**EXERCISE INSTRUCTIONS**
The material beneath this line should be printed exactly, with its pictures omitted.
*** Opening of RAW DATA ***
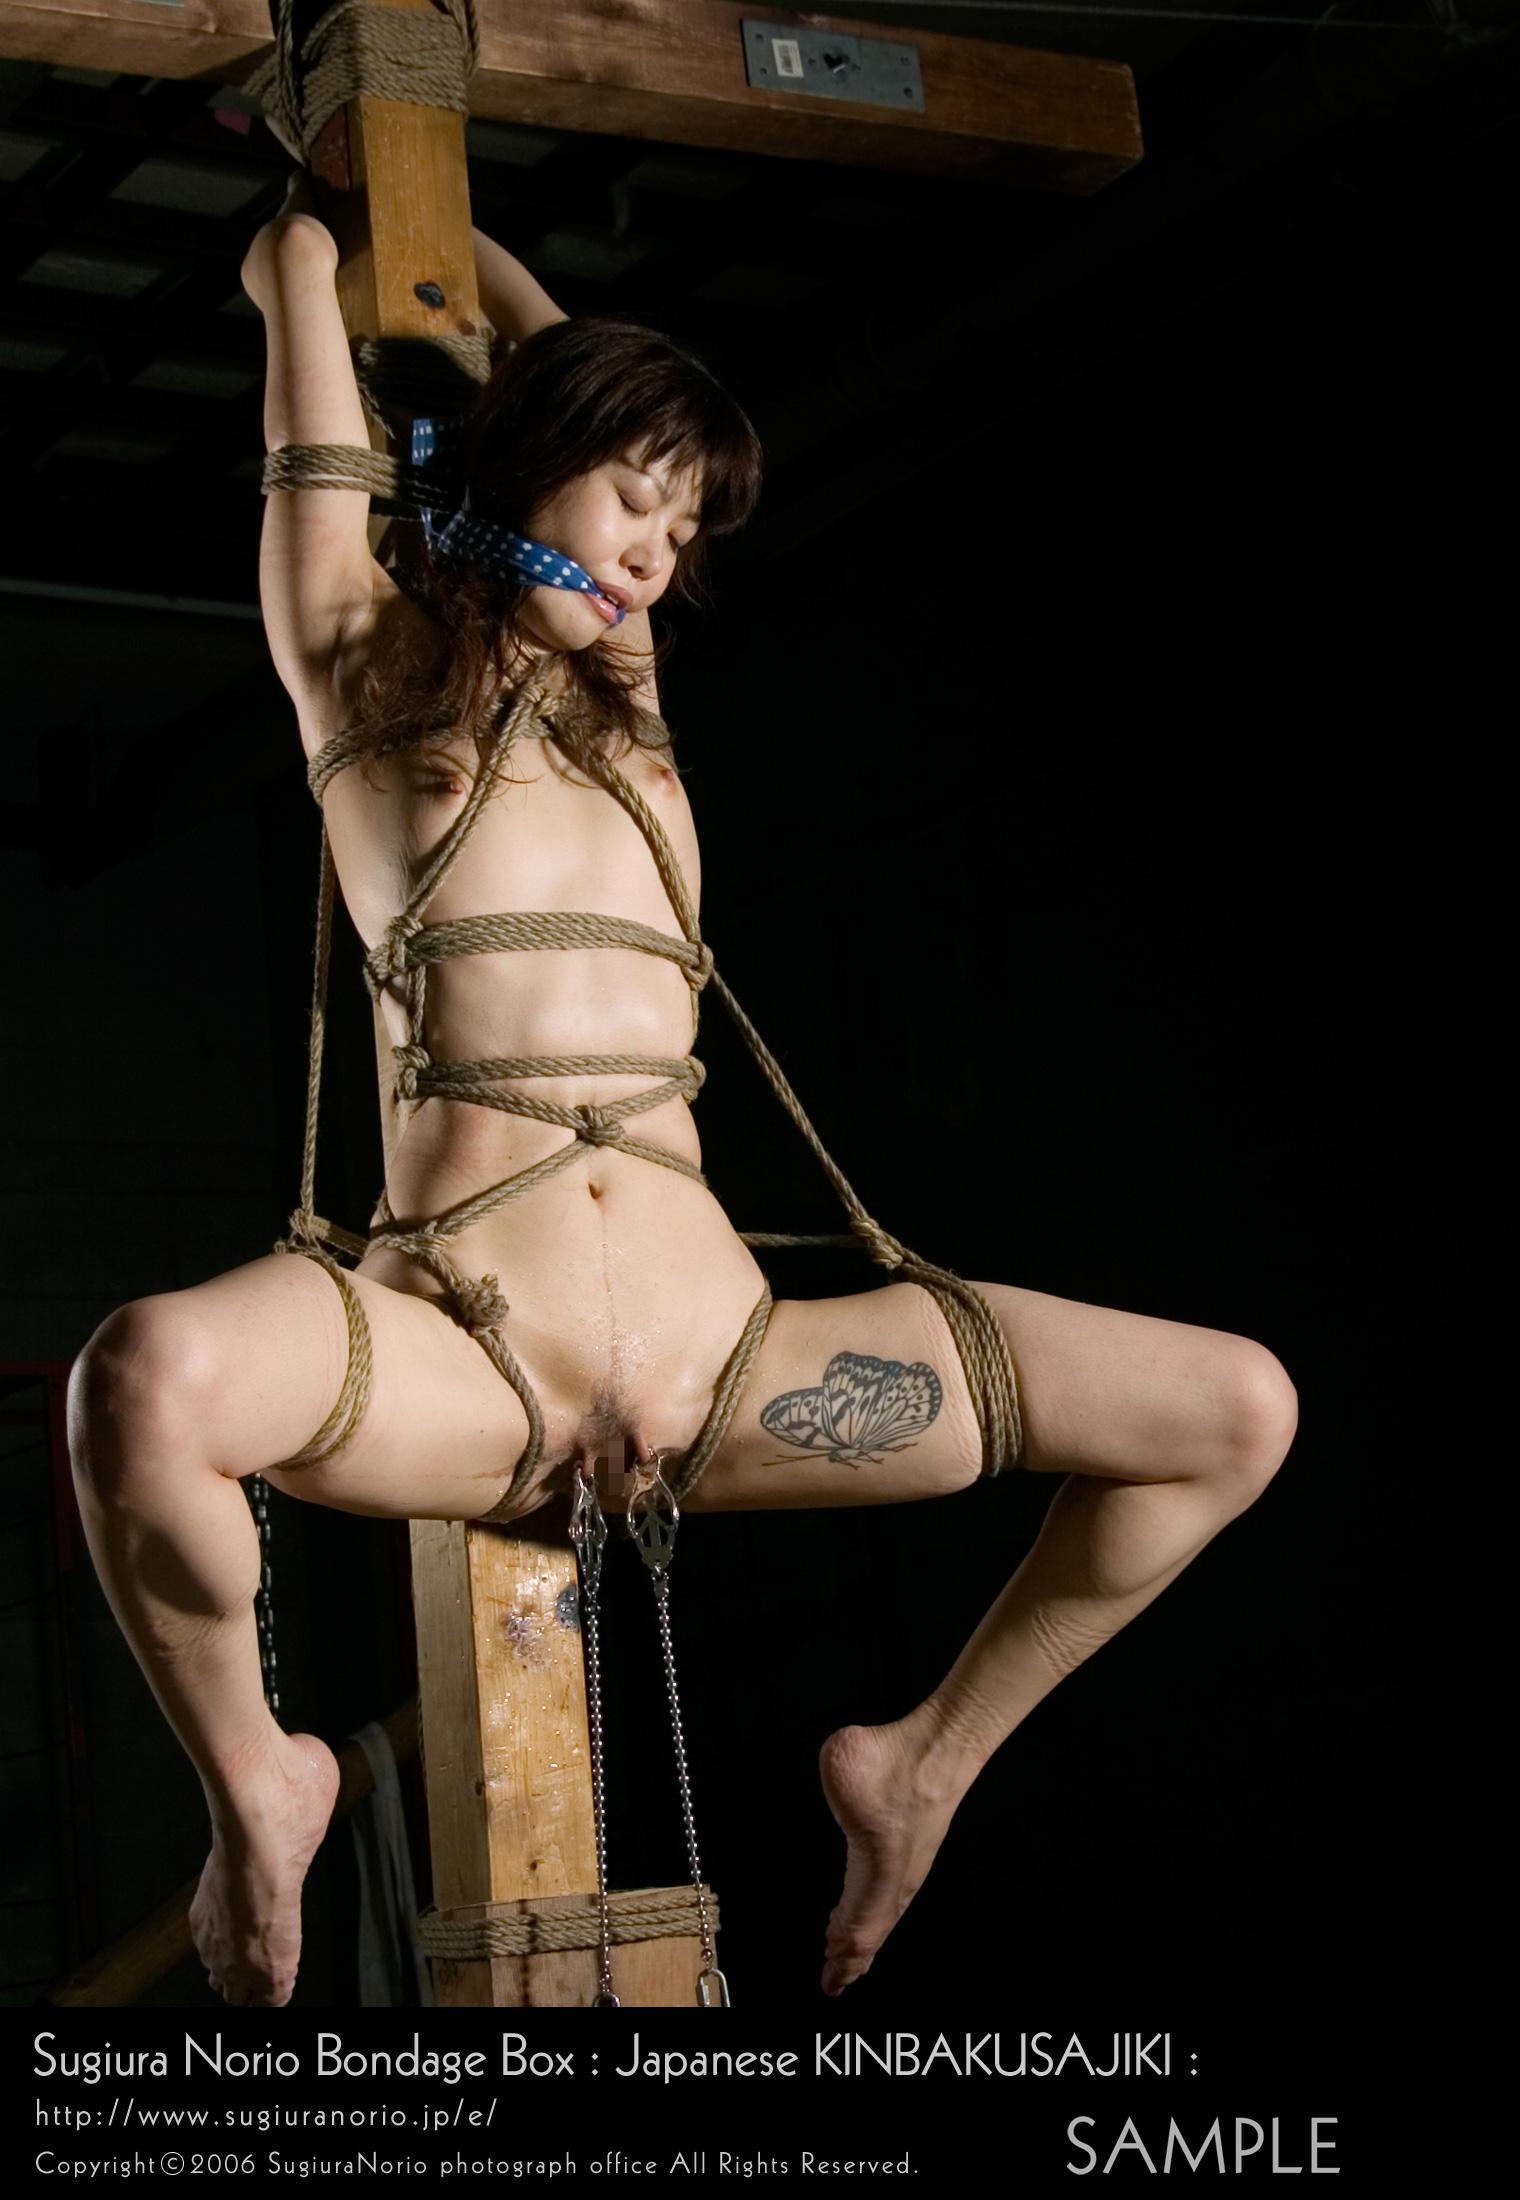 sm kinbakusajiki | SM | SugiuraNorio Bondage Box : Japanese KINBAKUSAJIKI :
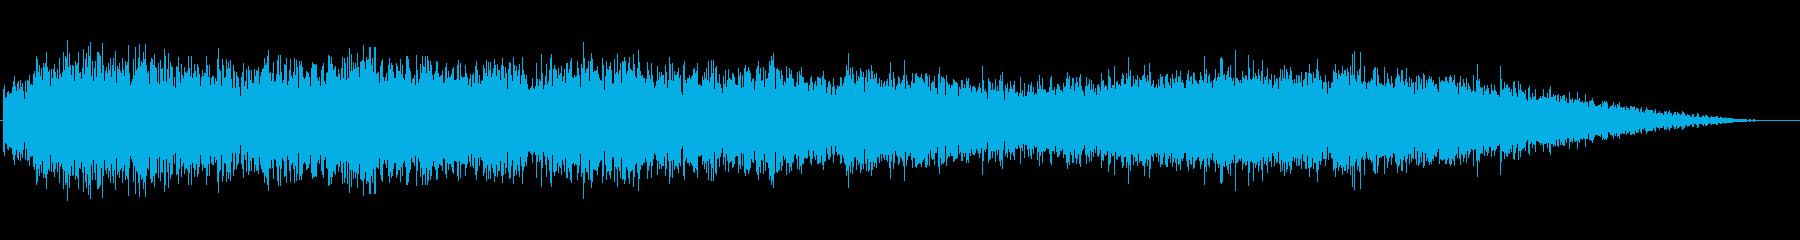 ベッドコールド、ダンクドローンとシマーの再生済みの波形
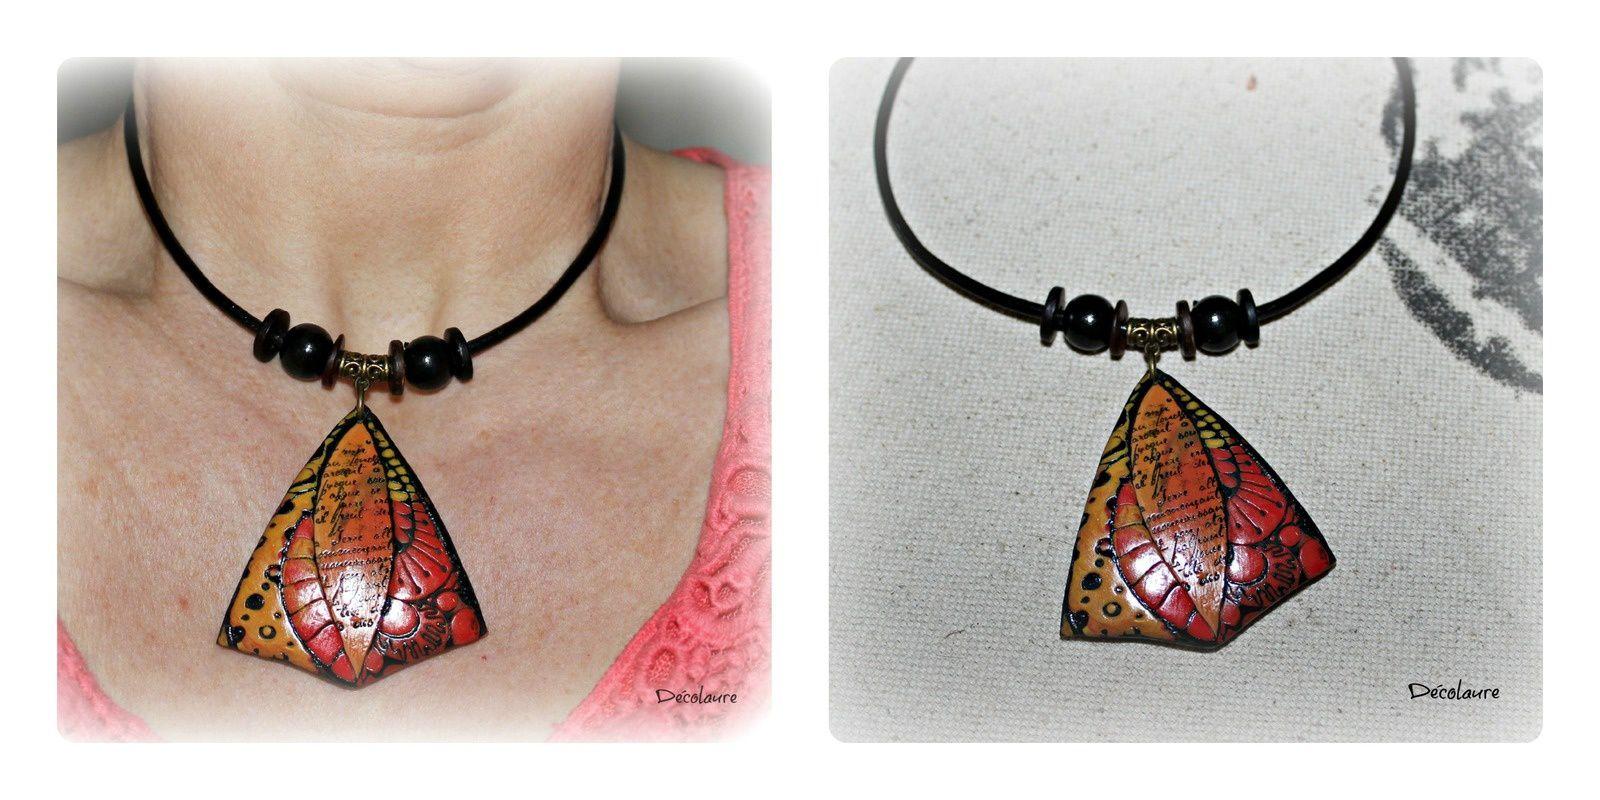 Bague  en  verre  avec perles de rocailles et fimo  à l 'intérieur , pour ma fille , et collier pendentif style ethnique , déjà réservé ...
*** Close of RAW DATA ***
**ANSWER TO THIS EXERCISE**
 sm kinbakusajiki | SM | SugiuraNorio Bondage Box : Japanese KINBAKUSAJIKI :
 ベッドコールド、ダンクドローンとシマーの再生済みの波形
 Bague  en  verre  avec perles de rocailles et fimo  à l 'intérieur , pour ma fille , et collier pendentif style ethnique , déjà réservé ...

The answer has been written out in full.